Optimal regret in a bandit problem with combinatorial structure (Laurent Massoulie)

In http://dl.acm.org/citation.cfm?id=2745868 we considered the following
bandit problem: an object with unknown type $\tau\in T$ is to be
disseminated to a subset of consumers $u\in U$; the benefit that  $u$ gets
from being exposed is $+1$ with probability $p_{u\tau}$ and $-1$
otherwise. The question is then to sequentially determine who to expose,
so that the set $V$ of users eventually exposed minimizes $C_0+C_1$, where
$C_0:=\sum_{v\in V}(1-2 p_{v\tau})^+$ is the spamming cost, and
$C_1:=\sum_{v\in U\setminus V}(2p_{v\tau}-1)^+$ is the missed opportunity
cost.
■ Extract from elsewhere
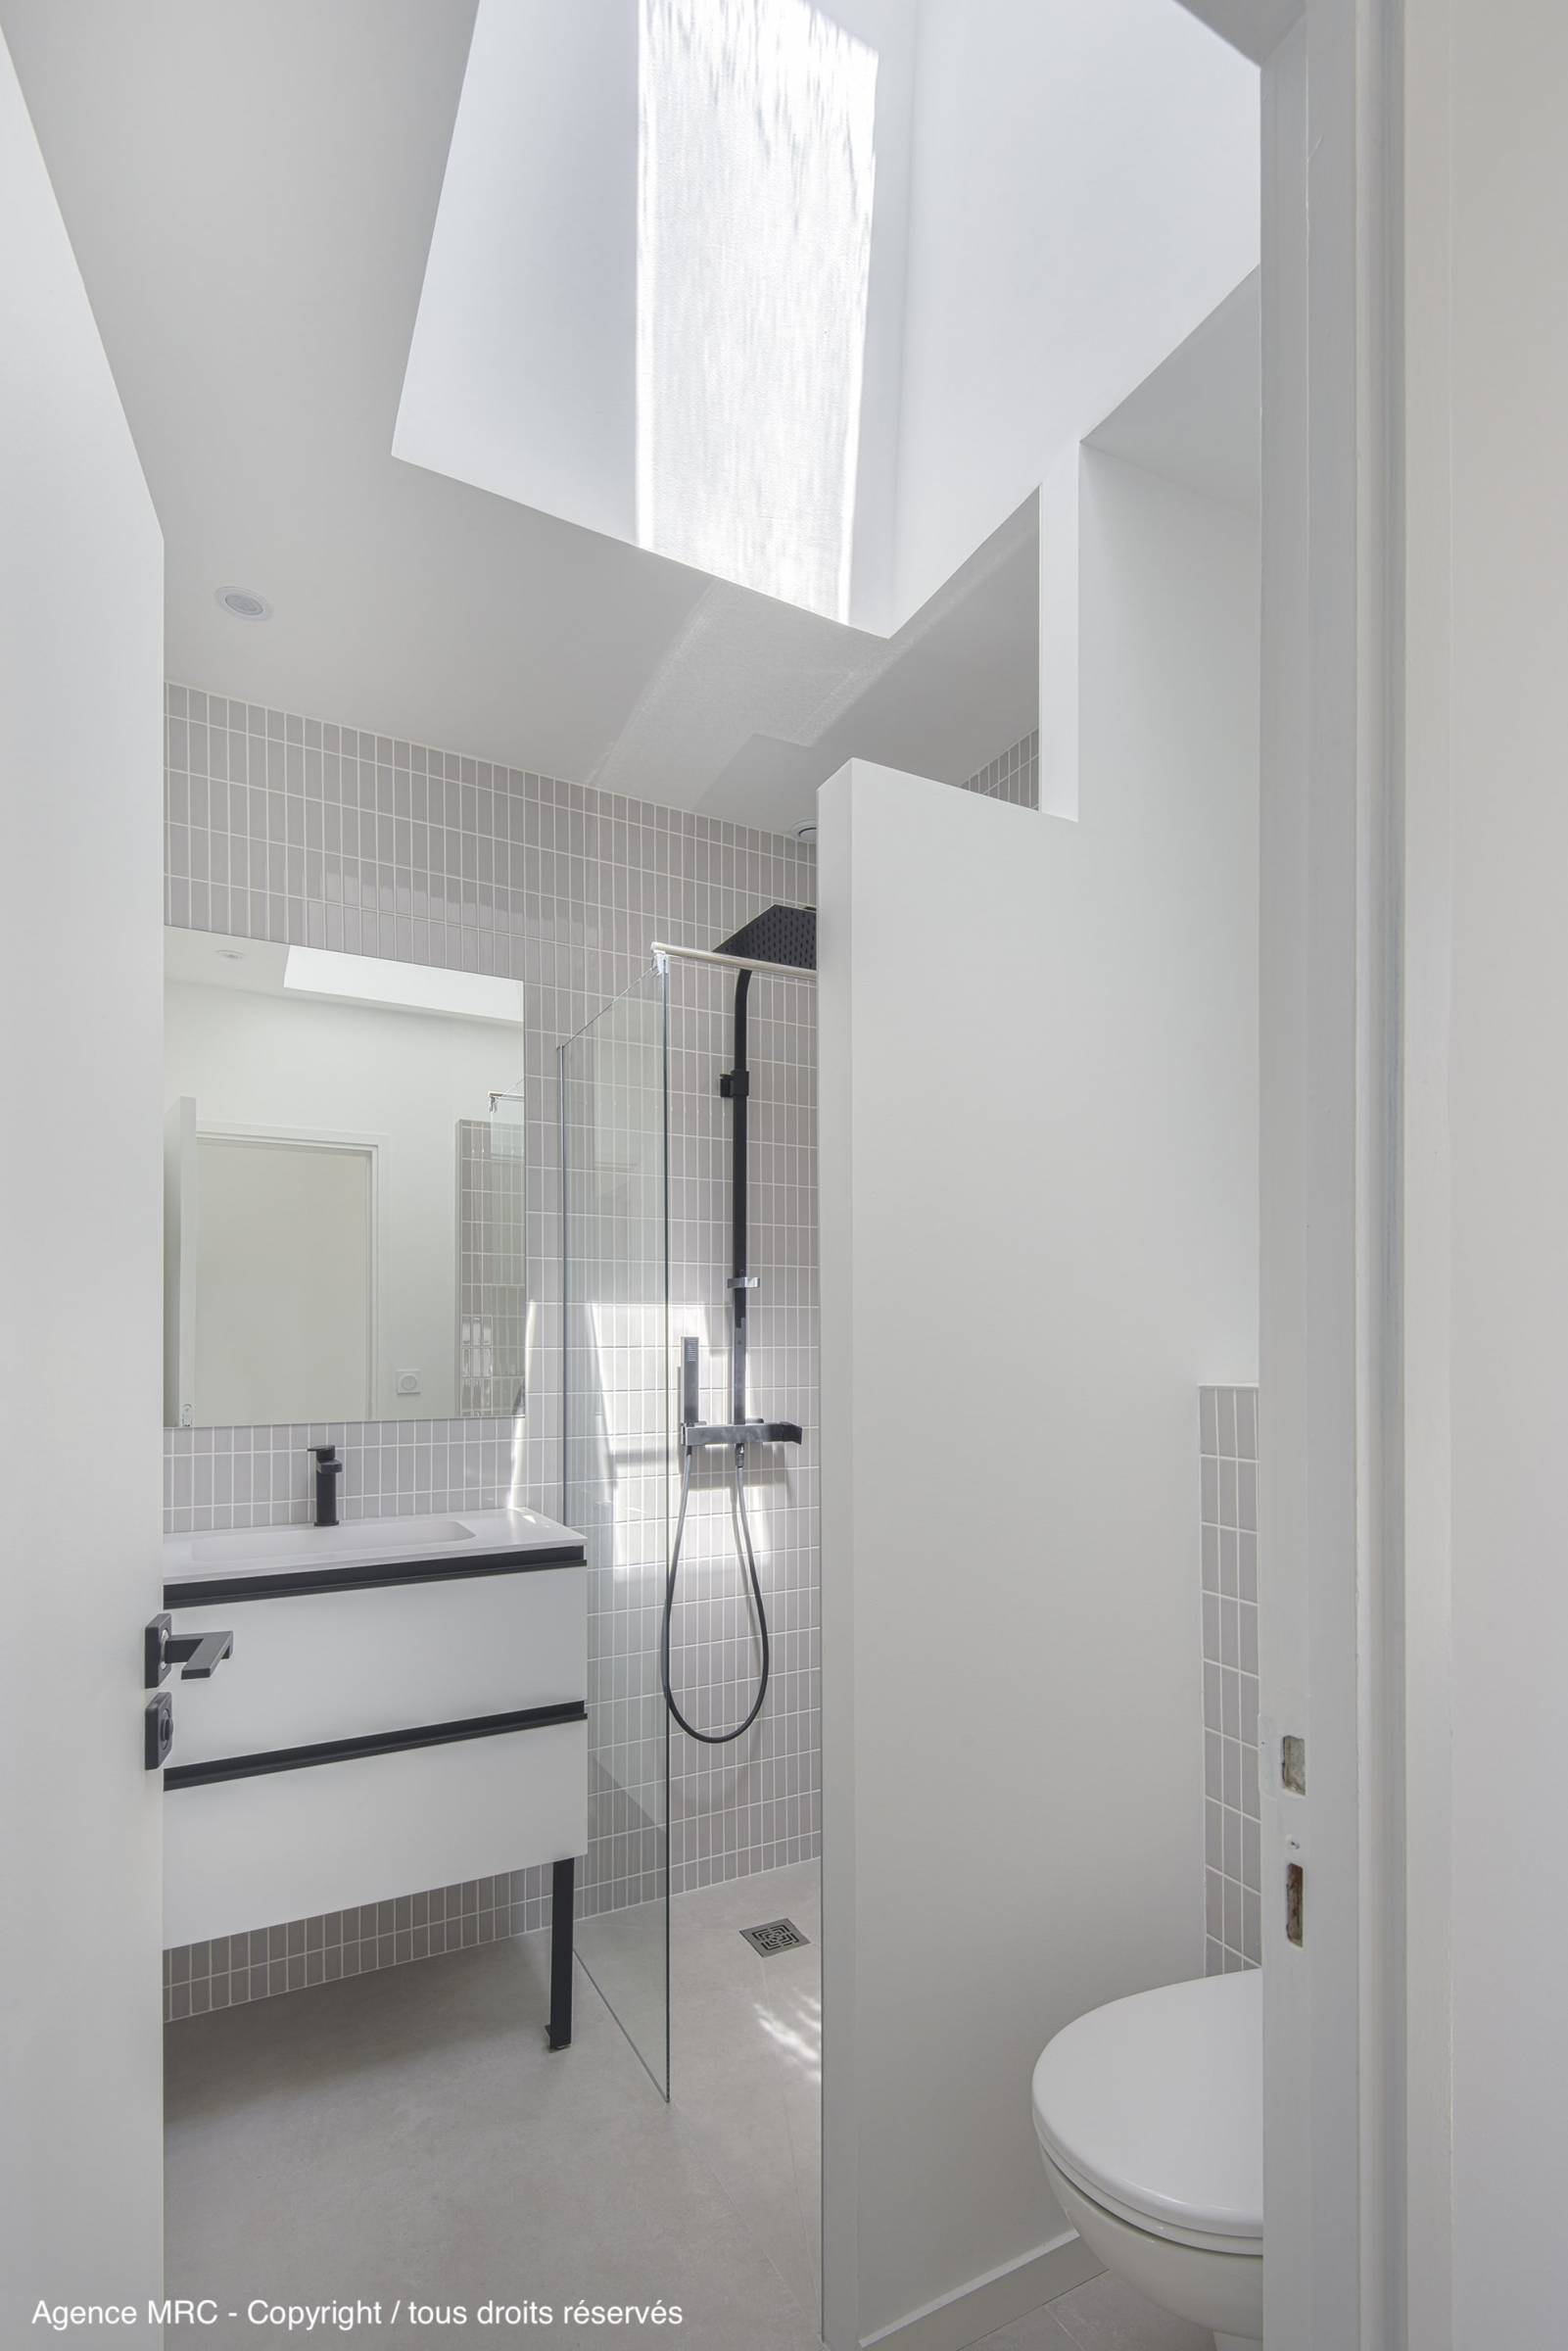 Architecte d'intérieur Marseille 13007 : aménagement salle de bain de style épuré élégante et sur mesure pour travaux de rénovation maison

We identified lower bounds on regrets in terms of the parameters
$n=|U|$, $t=|T|$, and $\delta=\inf_{u\in U,\tau\in T}|1/2-p_{u\tau}|$ in
several scenarios of interest and found that the so-called greedy Bayes
strategy (a variant of Thompson sampling) would match these lower bounds
in each of these scenarios.

This begs two questions:

(i) Beyond these specific scenarios, in general what function of the
matrix $(p_{u\tau})_{u\in U,\tau\in T}$ conditions the best possible
regret?

(ii) Do generic methods such as Thompson sampling or Greedy Bayes approach
the best possible regret more generally than in the specific scenarios
considered in http://dl.acm.org/citation.cfm?id=2745868 ?